In scope and depth, the events in Vietnam contrasted sharply with a simple revolt against foreign occupiers. The dichotomization of Vietnamese population between the rural peasantry and the urban elites, the horizontal bisection of the country for non-geographical reasons, and expansion of the revolutionary party's antipathy into other areas outside the French occupation are events in Vietnam in the 20th century that McAlister uses to support his thesis.

===Explaining revolution===
Aside from characterizing the events in Vietnam as a revolution, McAlister also supports his thesis by arguing why Vietnam underwent a revolution. He does this by drawing a connection between modernity and revolution. In the conclusion of the book he provides evidence that a necessary prerequisite for a large scale revolution is modernization of the revolutionary class. This is supported by other revolutions, for example, those that occurred in Germany and Russia in the 20th century. The group that ultimately became the revolutionary class in Vietnam was the modernized middle class. These were people who were educated and modernized by French institutions, who were expected to serve in the higher level French colonial institutions; thus they felt entitled to an entry into politics, but the French denied them that perceived right. The author concludes that the revolution in Vietnam occurred because the modernized and educated middle class were denied entry into a political realm to which they felt they were entitled.
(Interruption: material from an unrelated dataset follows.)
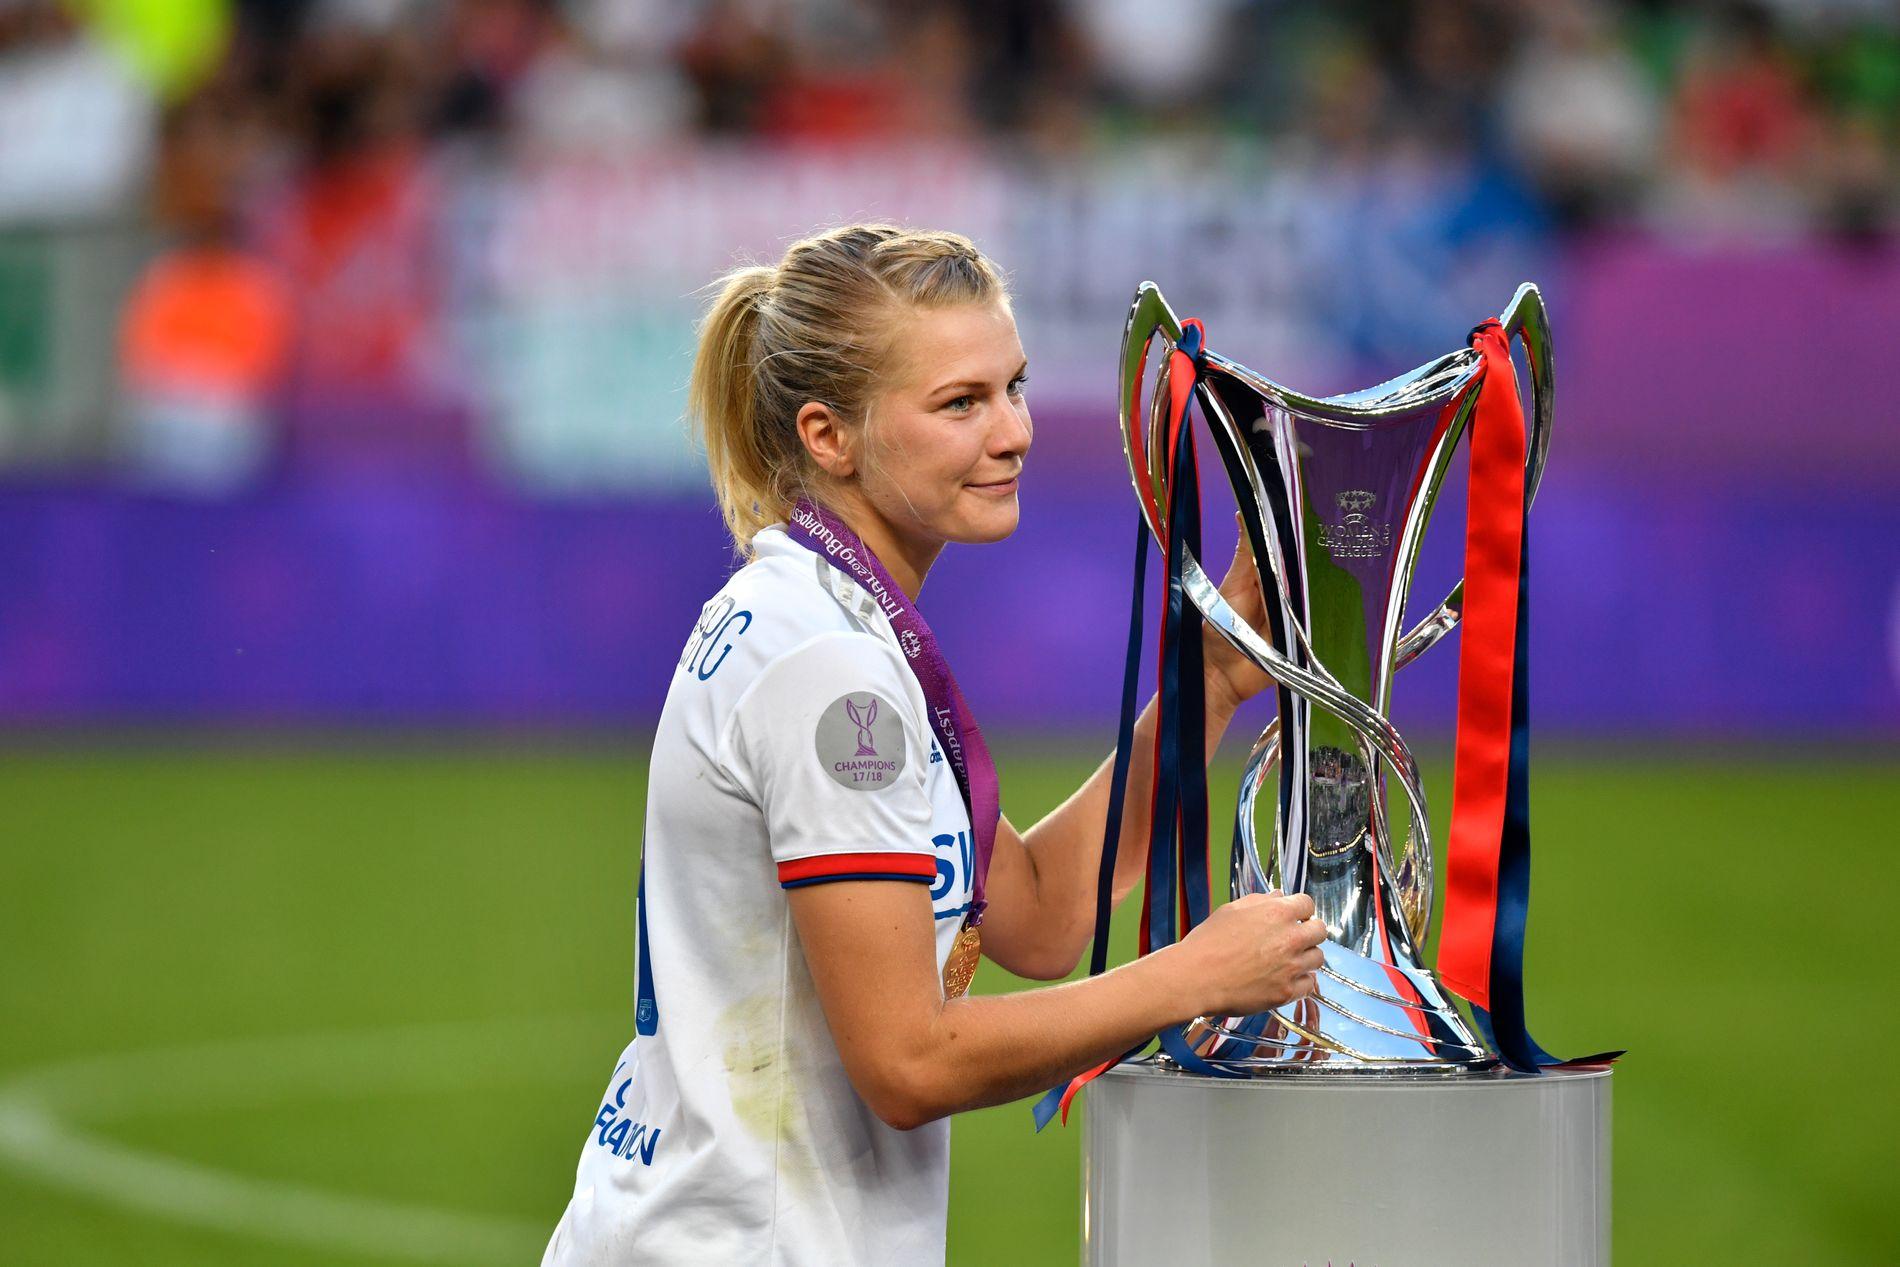 MERITTERT: Ada Hegerberg løftet Champions League-troféet for Lyon for fjerde år på rad i mai 2019. Nå kan hun også bli mestscorende spiller i turneringen noensinne.

McAlister argues that the revolutionaries in Vietnam made closing the gap between the educated urbanites with the rural peasantry their central objective. The population of Vietnam was fragmented by geography, class, and culture. The mountain ranges and slim dimensions of Vietnam increased the tendency of the population to be isolated from each other. The population was further split into groups of those who tenaciously adhered to their Confucian values and those who admired the possession of wealth ushered in by the French. To bridge this gap, the Vietnamese revolutionaries used political ideology as a catalyst for solidarity and motivation.

Although communism was the dominant political ideology associated with Vietnam during the 20th century, Vietnamese nationalism played an important role in the incipient revolutionary movement. This was due to pragmatic reasons rather than to an ideological conviction. Because Vietnam was culturally and politically fragmented, no single interest could unite a substantial amount of the population. The only way to unite the country and foment solidarity among a heterogeneous population was through emphasizing their common bond, which was their self-identification as a citizen of Vietnam. In Vietnam nationalism was synthesized with communism, which was the popular ideology of the educated, modernized, and disenfranchised middle class.